Your task: An exact, complete printout of the listing is wanted, minus its images.

The data:
* * * * * * * * *

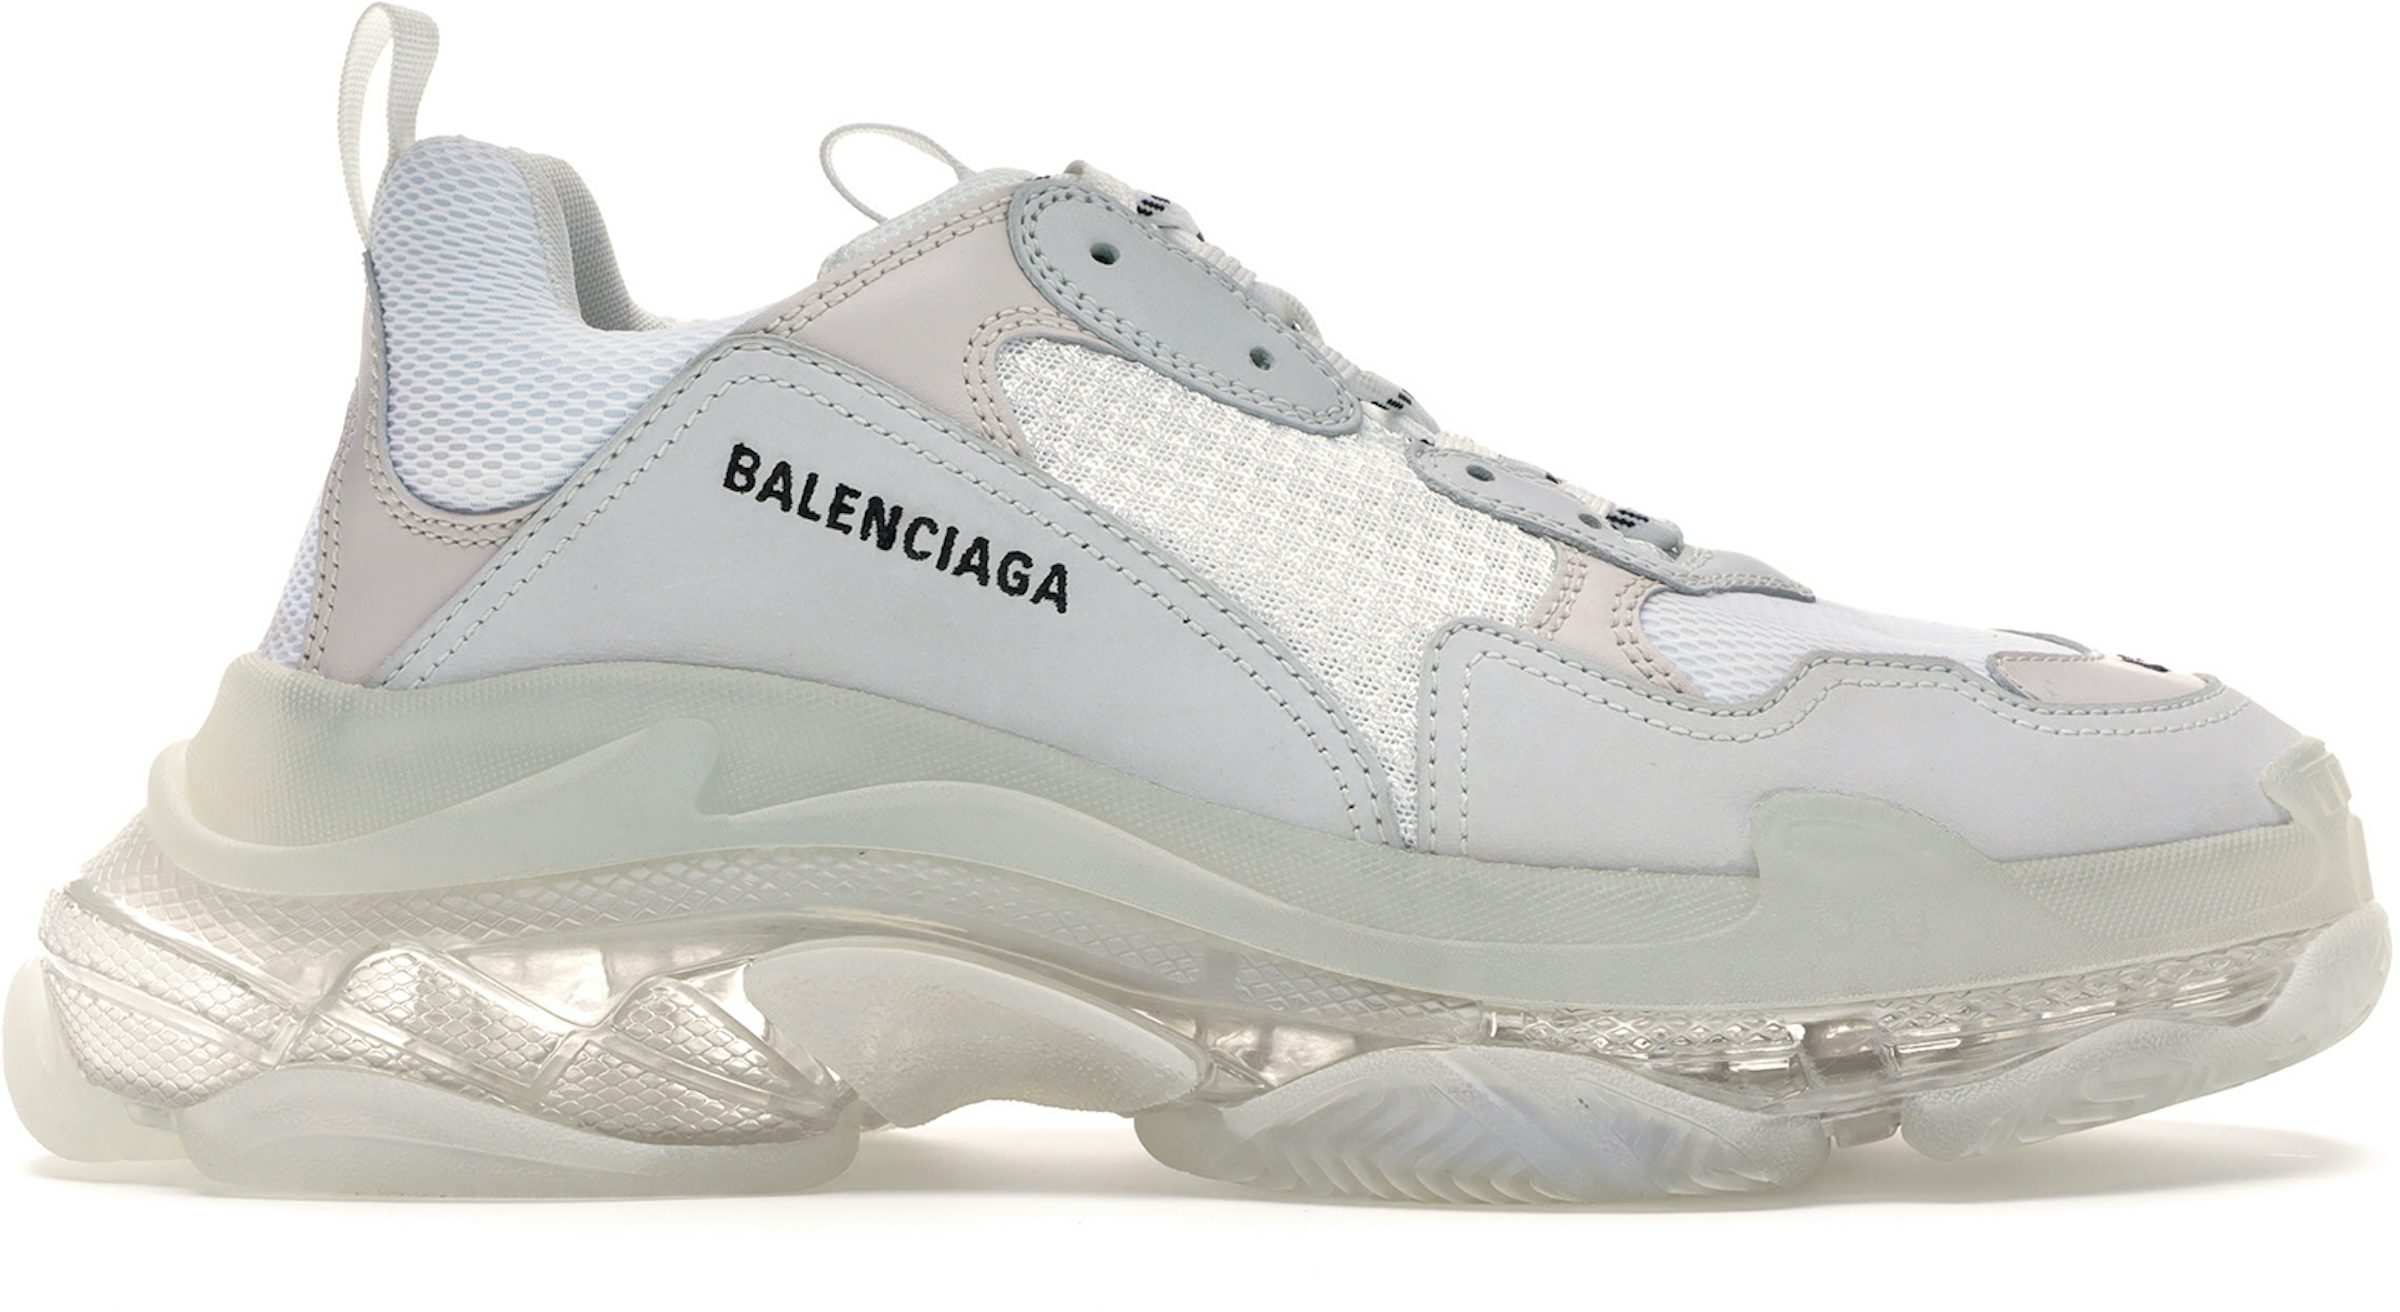 Buy Balenciaga Shoes and Sneakers - StockX
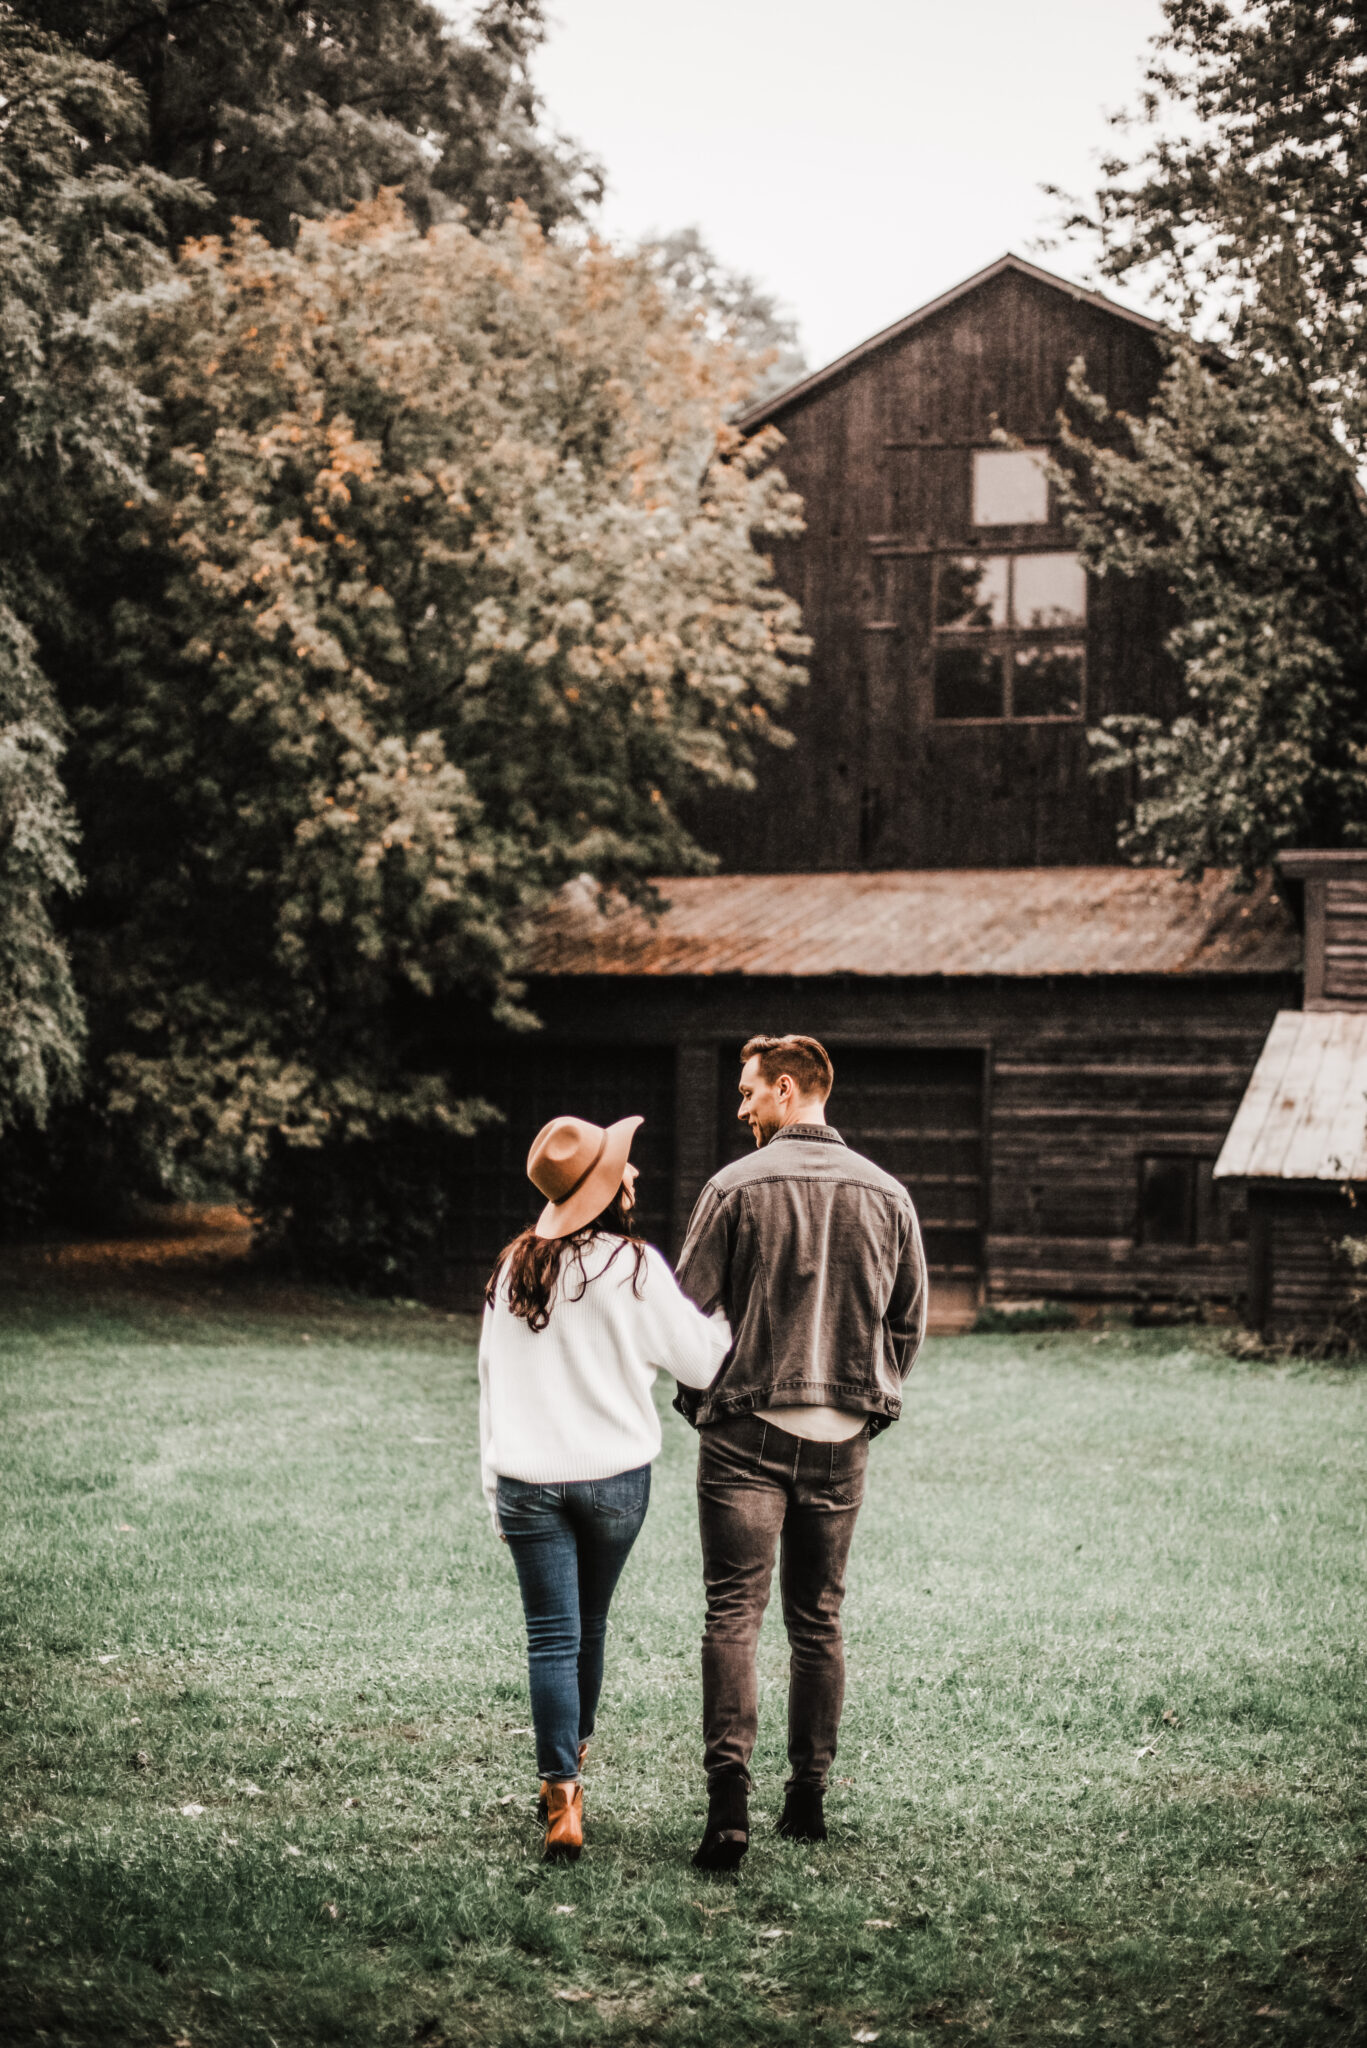 A couple walking towards their rural farmhouse. This article covers how to maximize the benefits of rural living.
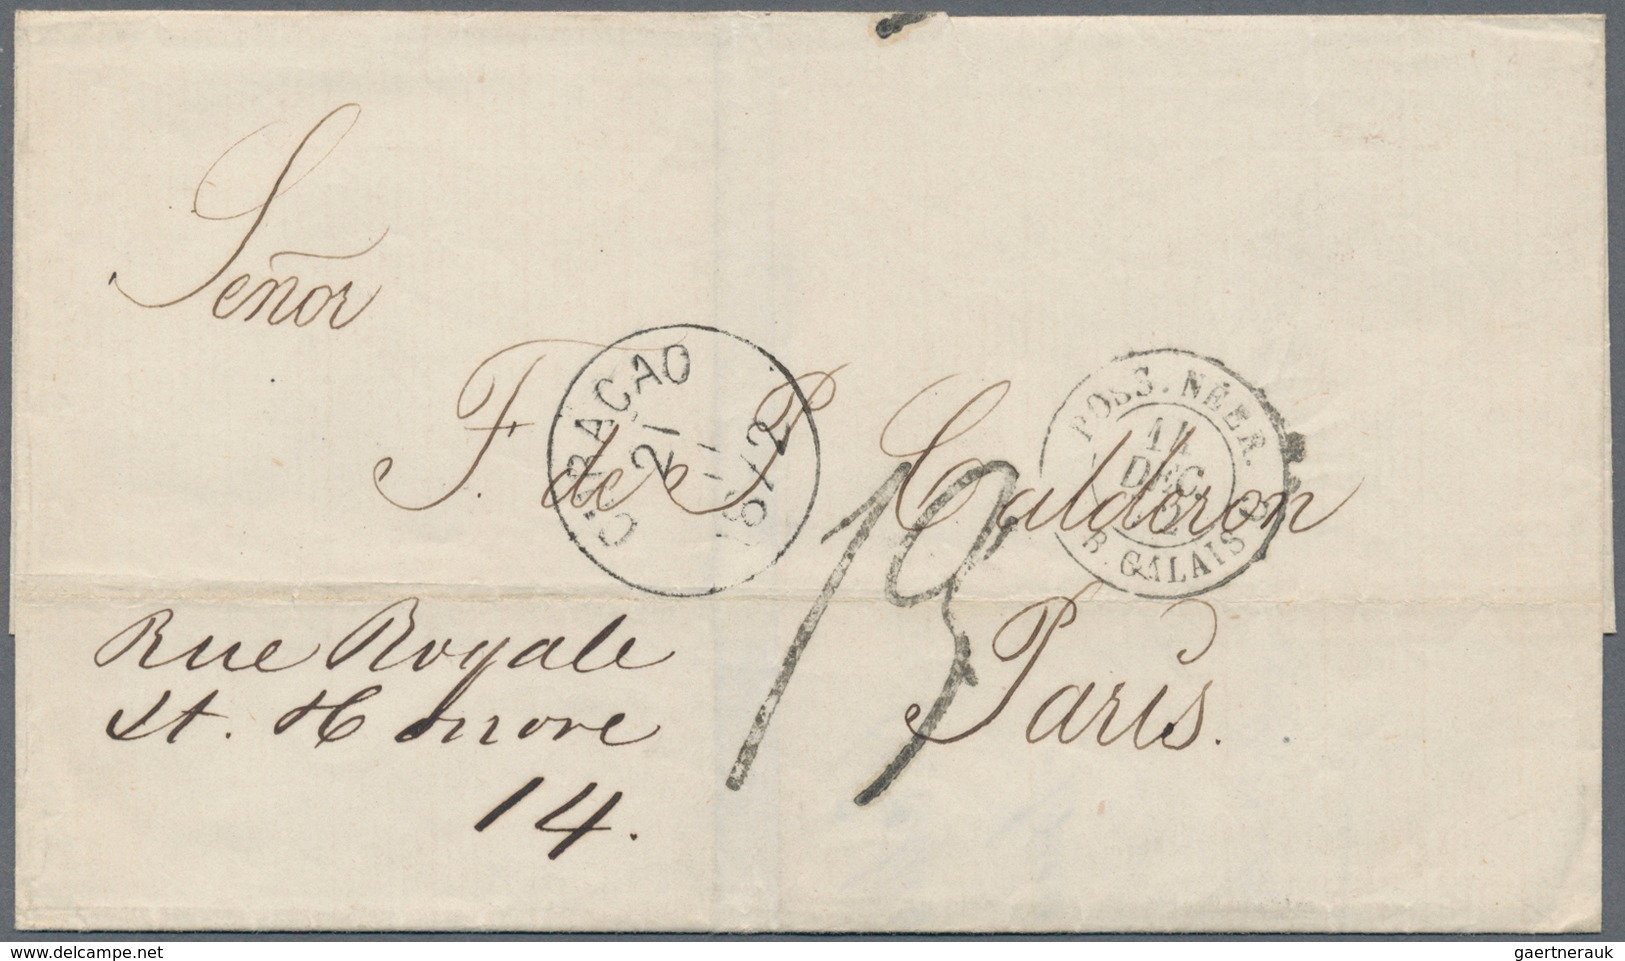 Curacao: 1872, Stampless Letter-sheet From CURACAO, 21.11.1872, To Paris In France, On The Frontside - Curacao, Netherlands Antilles, Aruba

* * * * * * * * *

The answer:
 Buy Balenciaga Shoes and Sneakers - StockX
 A couple walking towards their rural farmhouse. This article covers how to maximize the benefits of rural living.
 Curacao: 1872, Stampless Letter-sheet From CURACAO, 21.11.1872, To Paris In France, On The Frontside - Curacao, Netherlands Antilles, Aruba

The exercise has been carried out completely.